Malam itu, Rahmat tak bisa tidur. Selain mual, ia takut jangan-jangan itu pertanda keluarganya sedang diincar menjadi “tumbal” pesugihan oleh warung makan tersebut.

“Iya, gara-gara saya telpon ke Paman saya di Surakarta dan cerita soal kecoak dalam gulai, ia malah menakut-nakuti agar waspada jangan-jangan itu pertanda penjual gulai memiliki pesugihan alias memelihara jin. Dan jangan-jangan kami mau dijadikan tumbal,” kata Rahmat.

Antara tak yakin dan takut, ia dan istrinya berdoa khusus dan tengah malam sholat Tahajud.

“Amit-amitlah kalau sampai jadi tumbal. Ya antara tak percaya, namun juga was-was. Akhirnya kami bawa dalam doa. Dan paginya, ternyata keluarga kami bangun dengan kondisi sehat. Tak ada istilah jadi tumbal. Atau karena doa kami dikabulkan, kami ndak tahu. Yang jelas kami bersyukur karena tetap baik-baik saja,” tutur Rahmat.

Meski tak menjumpai hal-hal berbau mistis, namun hingga kini Rahmat mengaku masih trauma dengan bayangan kecoak di dalam mangkuk makanan.

Ciri warung pelihara jin pesugihan

Kisah tentang warung makan pelihara jin pesugihan di Indonesia diibaratkan ada di antara mitos dan fakta. Artinya, adalah fakta bahwa anggapan itu ada dan dipercaya masyarakat.

Dianggap mitos karena tak mudah dibuktikan dan berhenti hanya dalam cerita tutur dari zaman dahulu hingga sekarang. Anehnya, di era milenium pun belum hilang.

Mengenai ciri-ciri warung makan memelihara jin pesugihan, juga pernah diulas oleh pengelola channel Youtube Ainun Thahira.

Ciri-ciri warung yang memanfaatkan ajian pelaris diulas panjang lebar.  Konon ajian penglaris bisa dipakai di berbagai tempat, mulai dari rumah makan, toko baju, toko kelontong, dan sebagainya.

Sesuai dengan namanya, keberadaan jin pada ajian pelaris akan membantu apapun yang dijual menjadi laris dan banyak pembelinya.

Namun, dalam keyakinan masyarakat, setiap periode tertentu, sang pemilik warung wajib persembahkan tumbal.

Dalam ulasan Ainun, ada beberapa jenis ajian pelaris antara lain: jin peludah, jin penjilat piring, pocong, jimat, benda-benda keramat, ajian sempak kuah bakso, dan lainnya.

Dalam hal ini, bisa jadi, menurut hemat penulis, jin khusus menggunakan daging kecoak bisa jadi adalah salah satu di antaranya.

Sebagai contoh, cara kerja jin peludah dalam catatan Ainun adalah jin penjilat akan menjilat piring yang sudah dicuci dengan tujuan keduanya ialah agar makanan itu terasa enak.

Adapun ciri warung yang memiliki jin pelaris antara lain:

1. Rasa makanannya enak. Tetapi makanan itu akan terasa berbeda jika seseorang berdoa sebelum makan.

2. Tempatnya kotor, namun banyak orang yang tetap ingin makan di sana. Makhluk-makhluk gaib memang menyukai tempat yang kotor dan lembab. “Kotor itu merupakan syarat bagi pemilik warung agar warung itu menjadi laris,” kata Ainun.

3. Ada ruangan terlarang.
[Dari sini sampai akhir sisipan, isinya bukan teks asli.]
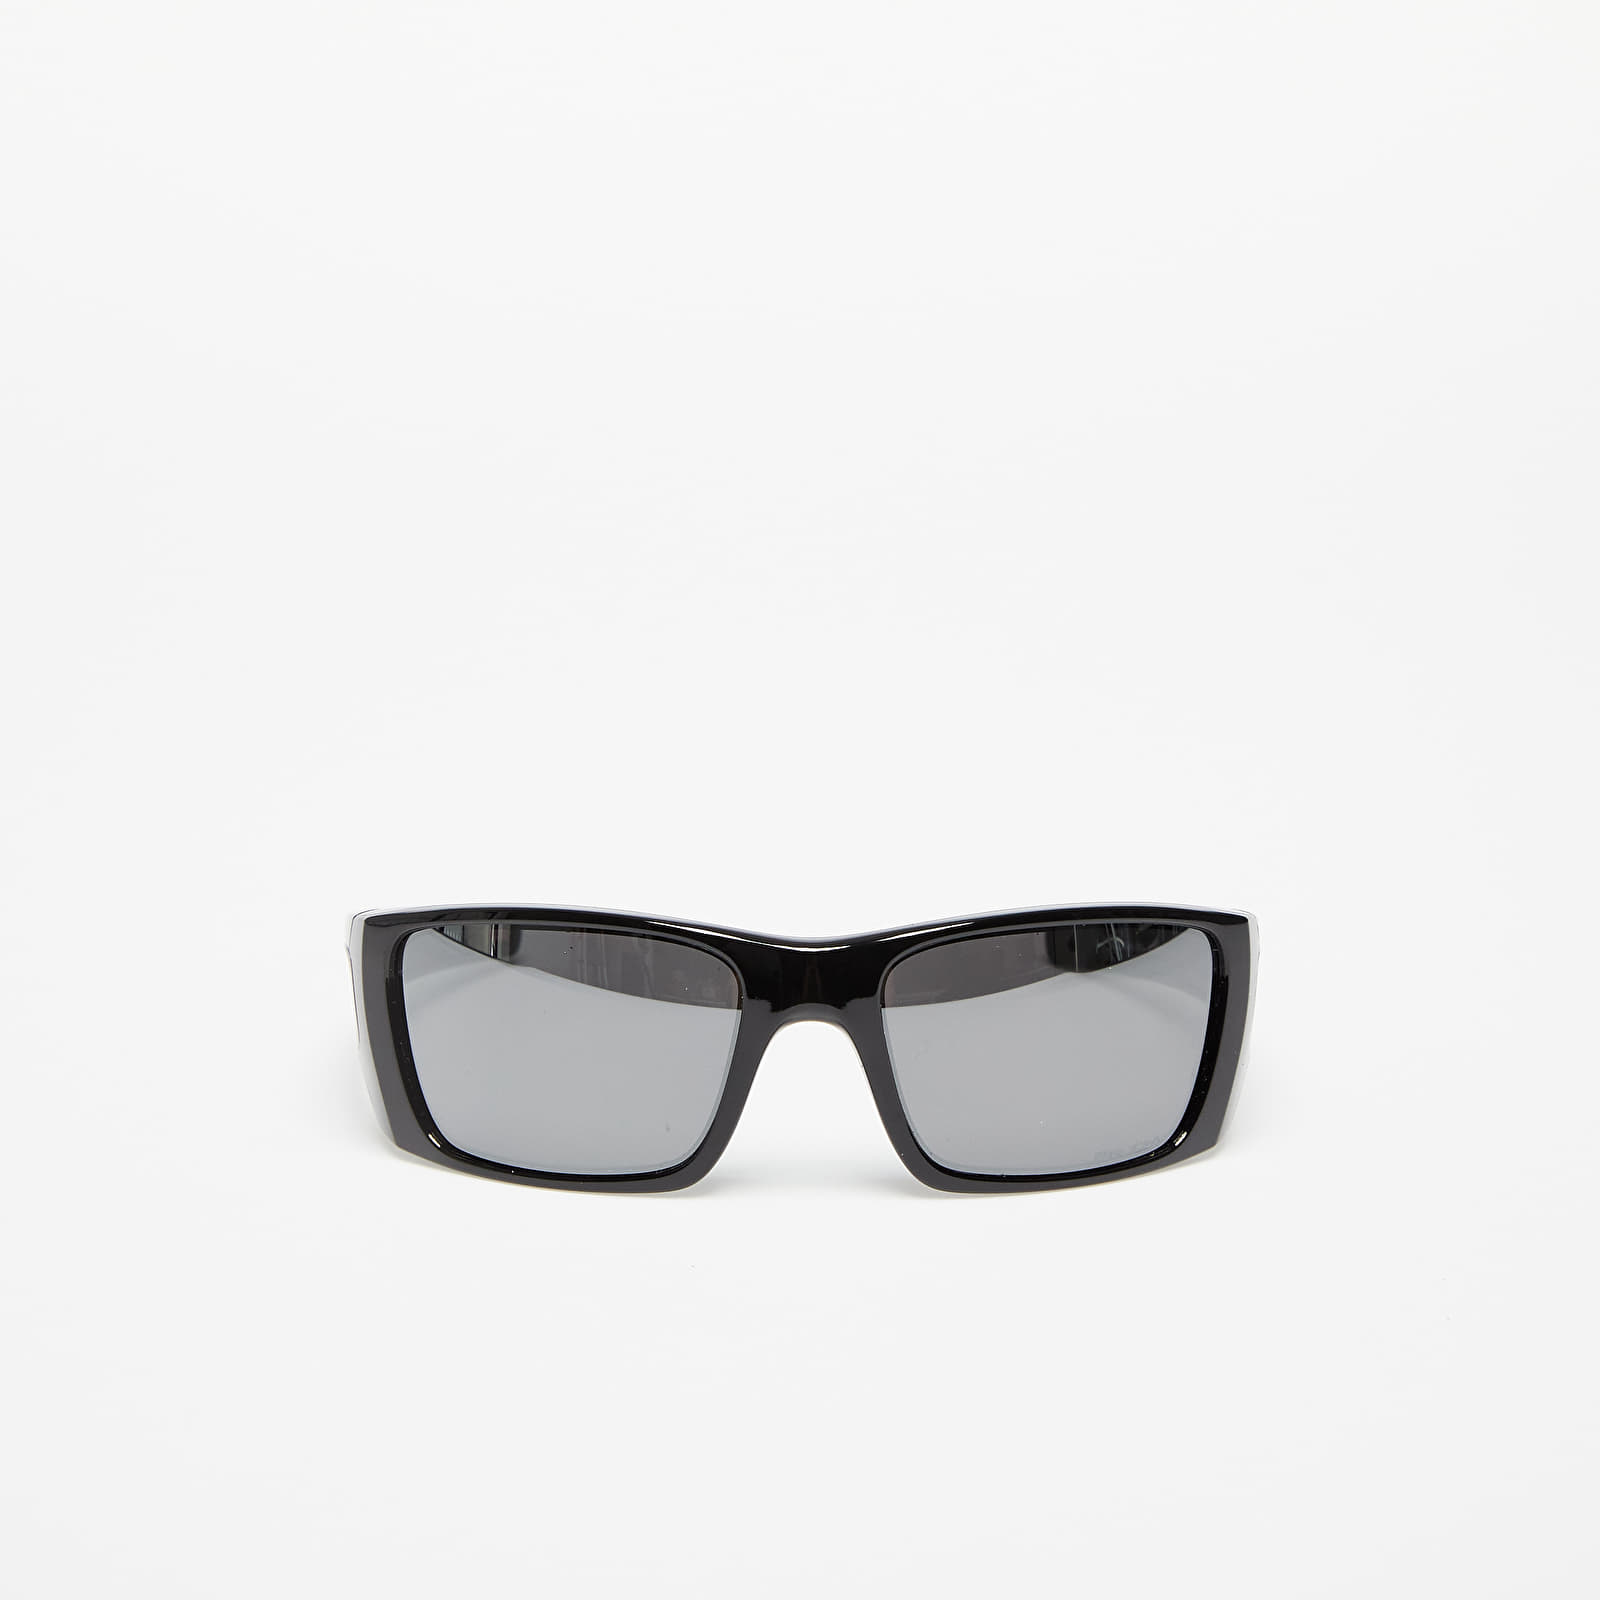 Sunglasses Oakley Fuel Cell Sunglasses Polished Black

Tempat itu digunakan sebagai rumah bagi jin pelaris. Selain itu, tempat tersebut dapat digunakan sebagai lokasi ritual bagi pemilik warung. Biasanya ruangan itu berada di dekat toilet, dapur, atau belakang warung.

4. Warung justru tutup pada hari kerja, misalnya hari Senin, Rabu, dan Kamis.
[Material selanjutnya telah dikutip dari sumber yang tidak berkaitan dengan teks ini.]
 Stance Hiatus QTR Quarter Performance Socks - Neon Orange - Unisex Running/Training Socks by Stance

5. Tempat cuci piring jauh atau terpisah dari bangunan utama. Ainun berkata bahwa persayaratan tersebut tidak begitu aneh. Namun, tidak ada salahnya untuk merasa curiga.
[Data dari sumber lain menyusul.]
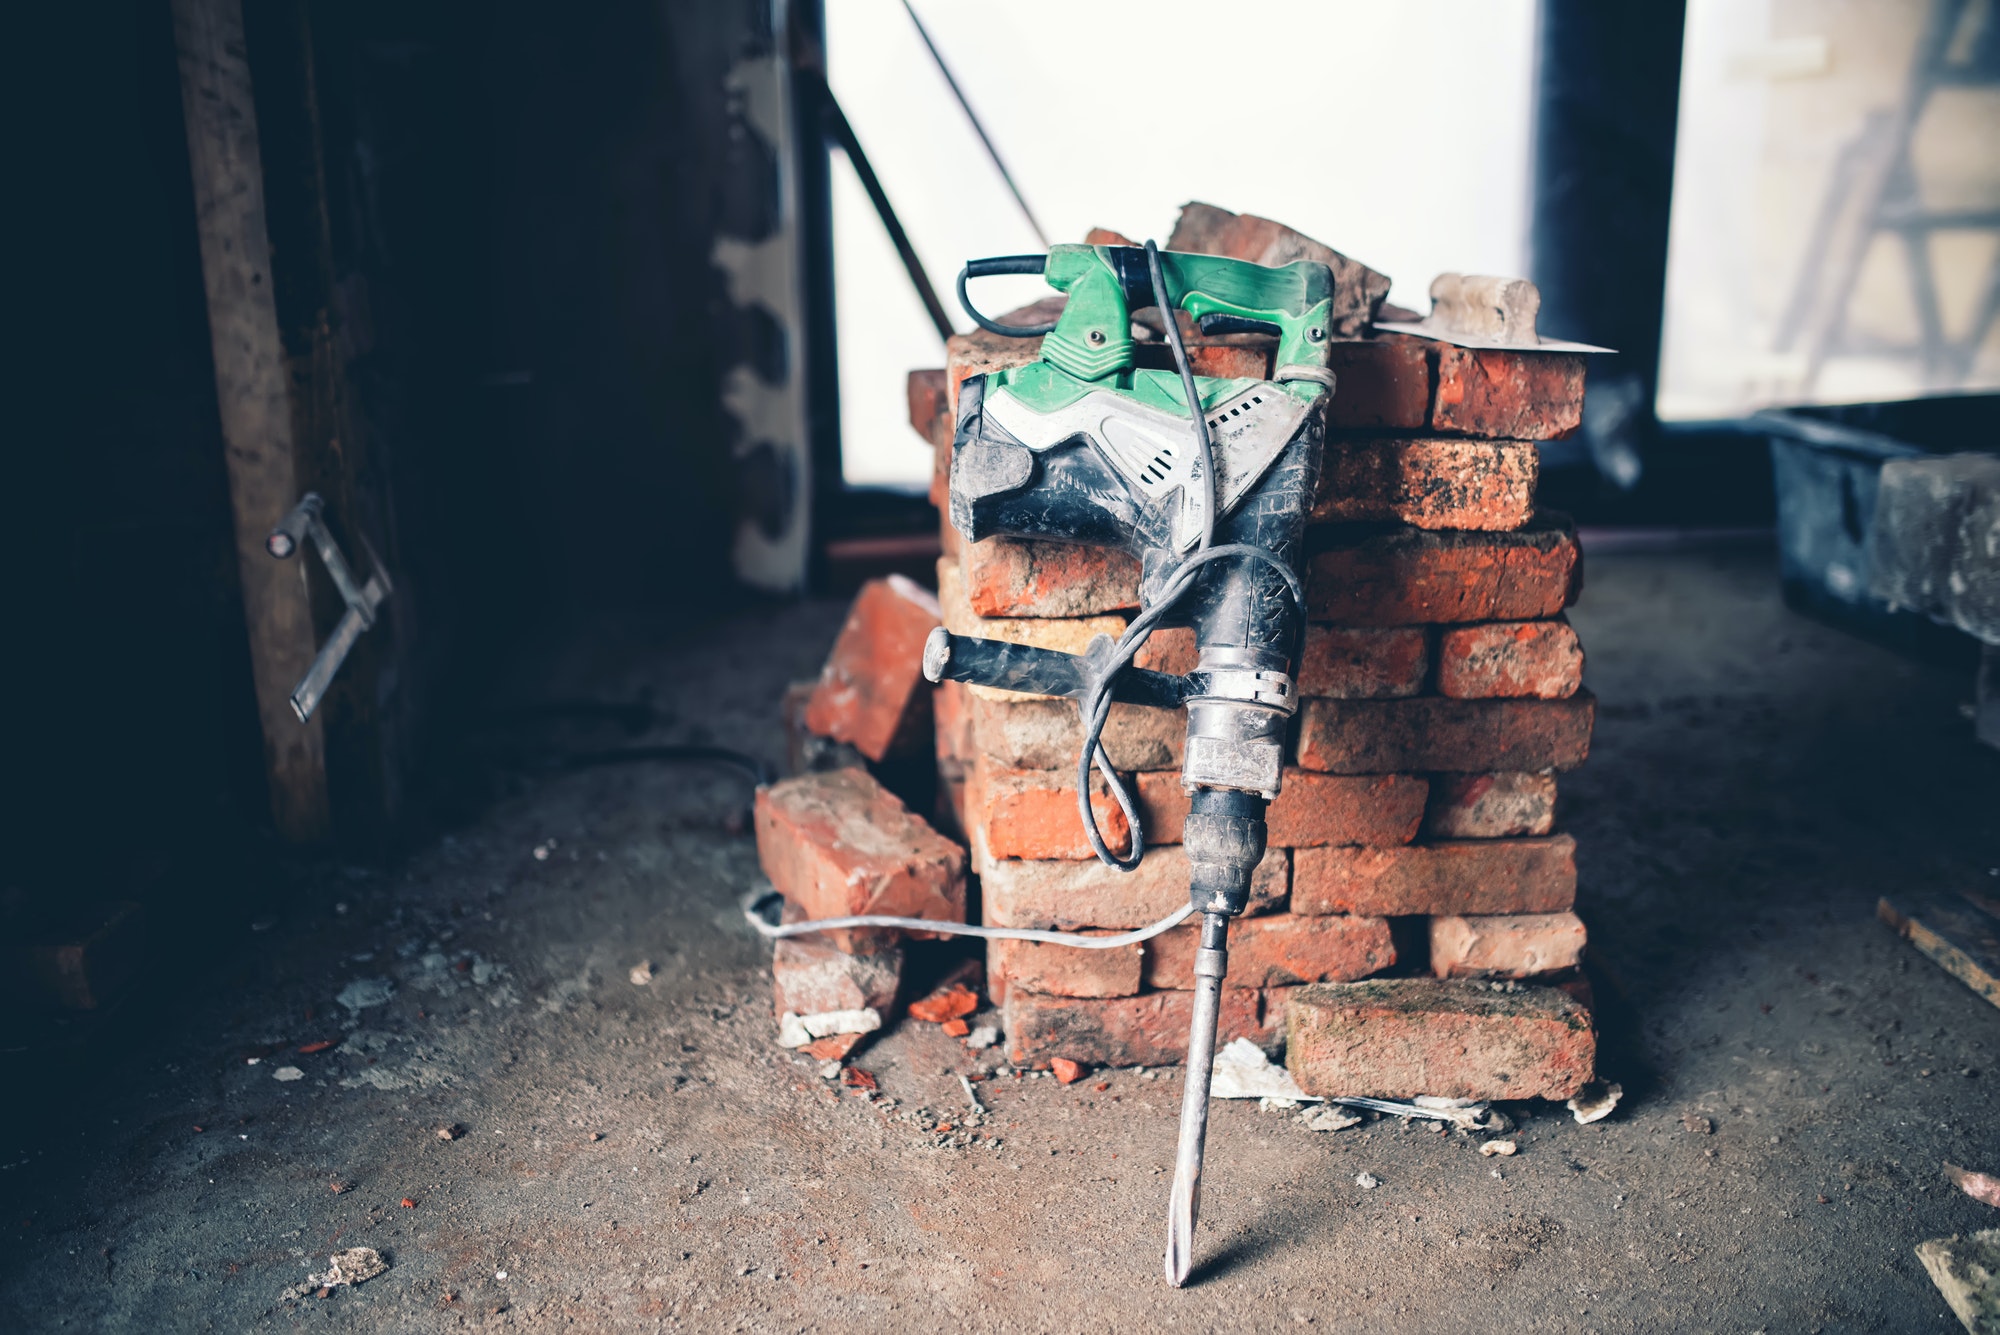 Construction tool, industrial jackhammer with demolition debris and bricks

6. Pemilik warung dengan jin pelaris itu sendiri yang meracik bumbu meskipun sudah memiliki banyak karyawan. Selain itu, dia juga menangani langsung perhitungan uang atau menempati posisi sebagai kasir.

7. Makanan tidak boleh dibungkus karena akan berubah menjadi tidak enak. “Karena kekuatan magis penglaris hilang saat melewati jembatan ataupun perempatan jalan,” ujar Ainun.

Nah, dari ketujuh ciri di atas, tampaknya keluarga Rahmat seperti diceritakan di awal, bisa jadi akibat makanannya dibungkus dan dibawa pulang. Akibatnya, kedok buruknya terungkap.

Benar atau tidak, dipersilakan pembaca berikan kesimpulan dan pendapatnya masing-masing.  Faktanya, dalam kepercayaan masyarakat, hingga kini hal seperti itu masih menjadi bauh bibir.